Applications include video games by Mojang Studios (notably large-scale worlds), exploration titles from Hello Games and procedural roguelikes inspired by Rogue and developed by teams influenced by Derek Yu and Edmund McMillen. Film and animation studios like Industrial Light & Magic and Weta Digital use procedural scattering and crowd systems; architectural visualization firms such as Foster + Partners and software like Autodesk and Bentley Systems use rule-based city modeling. Scientific simulations benefit projects at CERN, NASA, and ecology labs at Scripps Institution of Oceanography, while automotive and aerospace companies including Boeing and Tesla, Inc. use procedural meshes for component testing. Content pipelines at Netflix and HBO leverage procedural environments for virtual production alongside tools from Epic Games's Unreal Engine. Procedural audio and music generation have roots in companies like Ableton and research at IRCAM.

Evaluation and metrics

Evaluation measures include diversity metrics developed in academic groups at Stanford University and ETH Zurich, playability metrics used by studios such as Electronic Arts and Ubisoft, and perceptual quality measures adopted by visual effects houses like Industrial Light & Magic and Weta Digital. Benchmarks use user studies coordinated with institutions like Georgia Institute of Technology and comparative metrics from conferences such as SIGGRAPH, CHI, NeurIPS, ICCV, and EGSR. Statistical tests from labs at Harvard University and information-theoretic measures inspired by work at Bell Labs are applied to assess novelty, while automated testing toolchains from Microsoft Research and Google Research quantify robustness and reproducibility.
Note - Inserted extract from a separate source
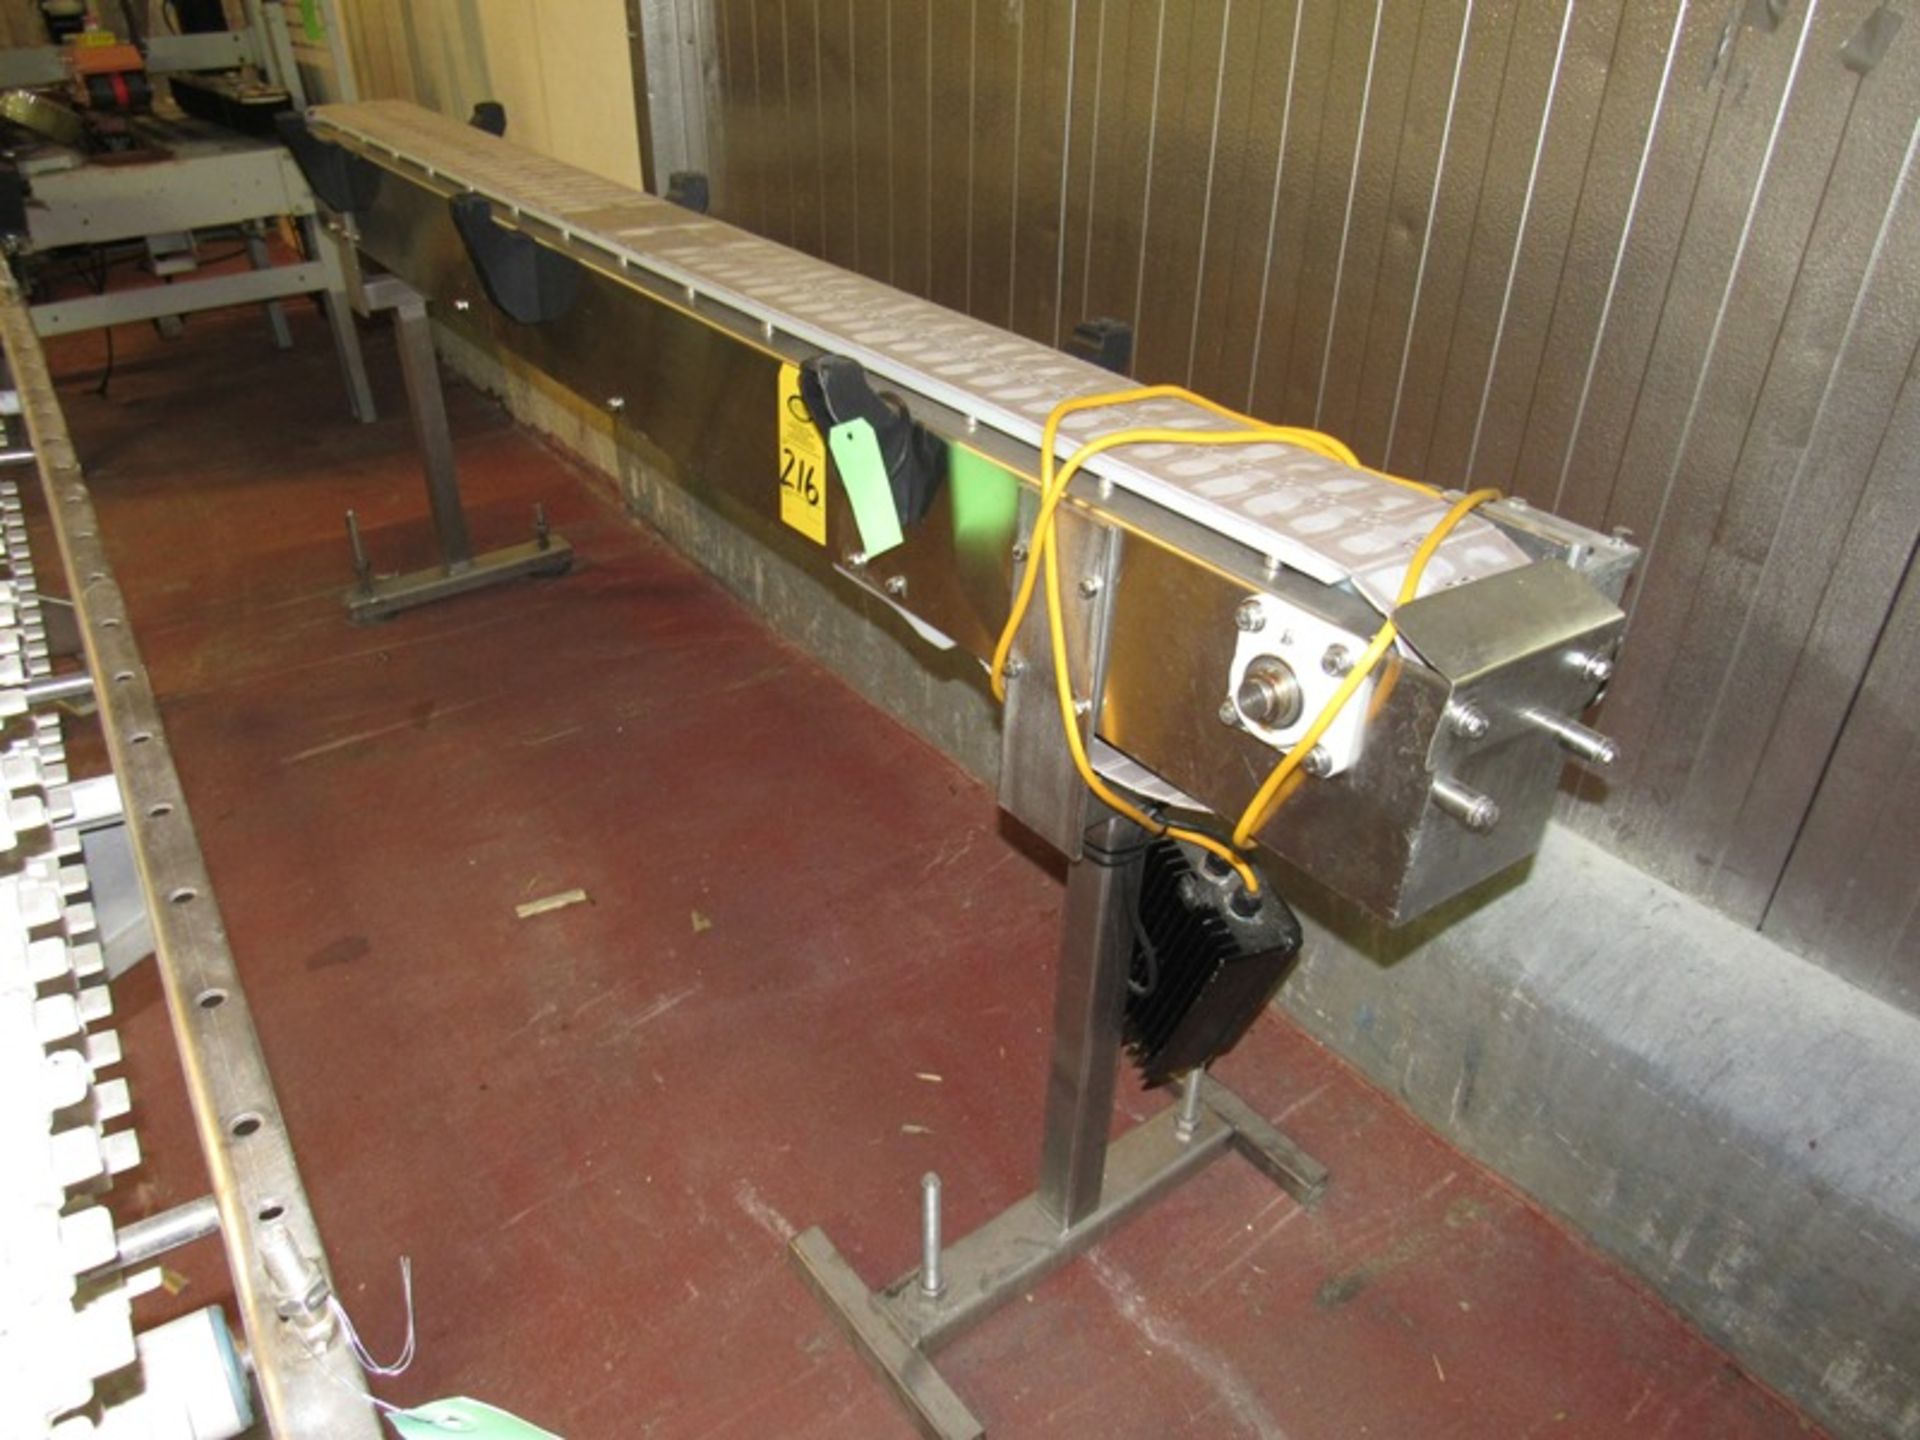 Conveyor 6" W X 8' L plastic belt, 230 volts, variable drive ($35.00 Required Loading Fee- Rigger:
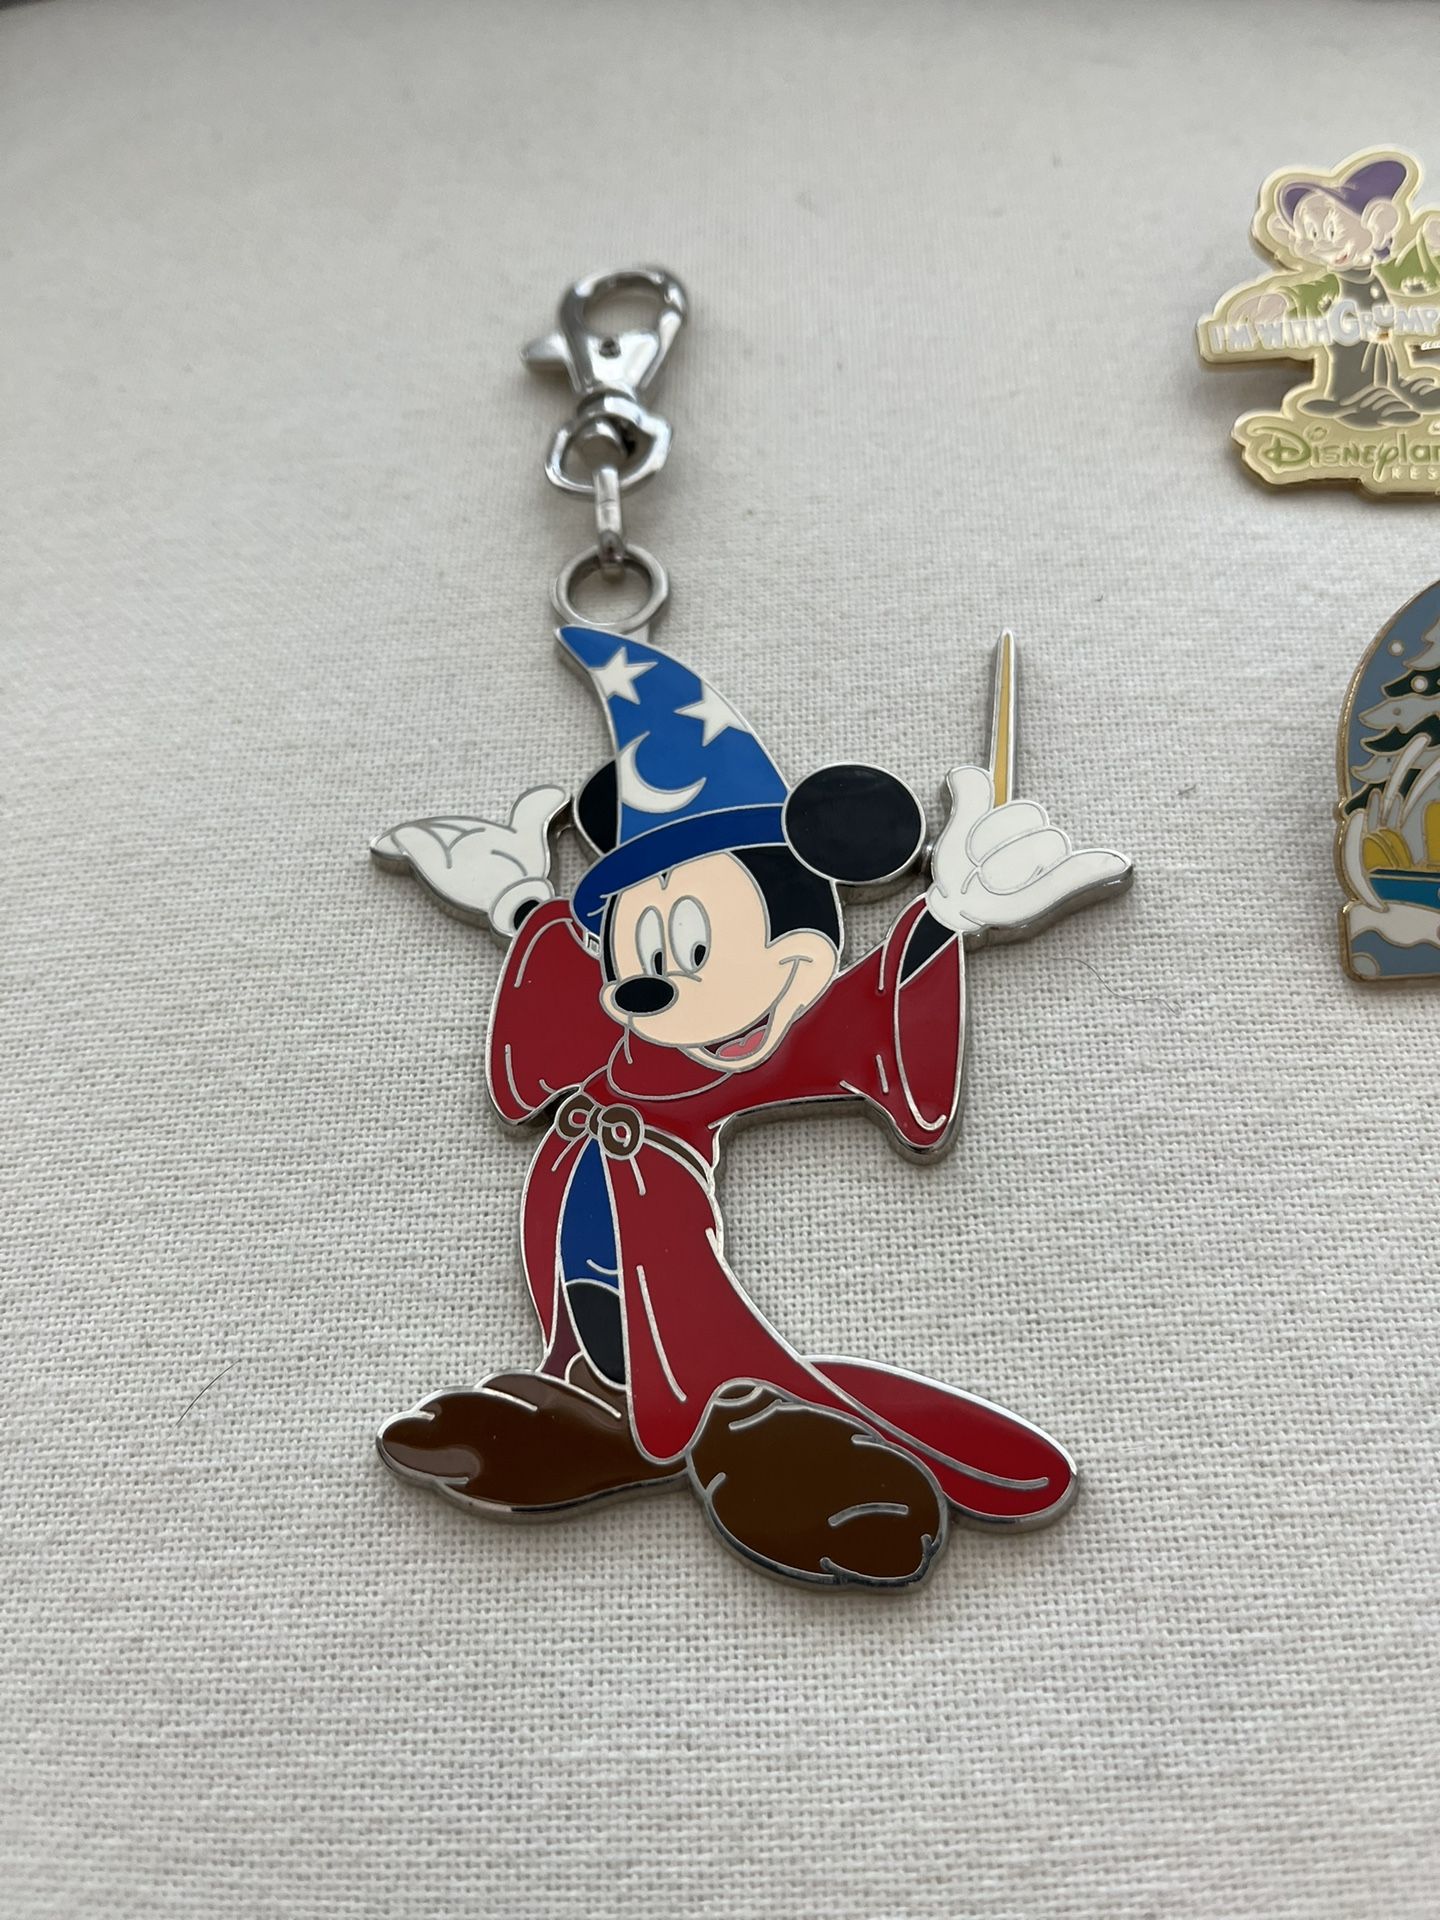 Authentic Disney Trading Pins, Early 2000s

Ethical and legal discussions reference intellectual property regimes shaped by courts and laws such as the United States Copyright Office decisions, debates in policy forums at European Commission and standards bodies like ISO. Design considerations cite accessibility guidelines developed with input from World Wide Web Consortium and inclusivity initiatives involving organizations such as UNESCO and ACM SIGGRAPH. Concerns about authorship and attribution involve stakeholders including Creative Commons, artists represented by groups like ASCAP and BMI, and platform holders such as Steam and app stores run by Apple Inc. and Google LLC. Security and misuse topics intersect with research by RAND Corporation and policy analysis at Brookings Institution.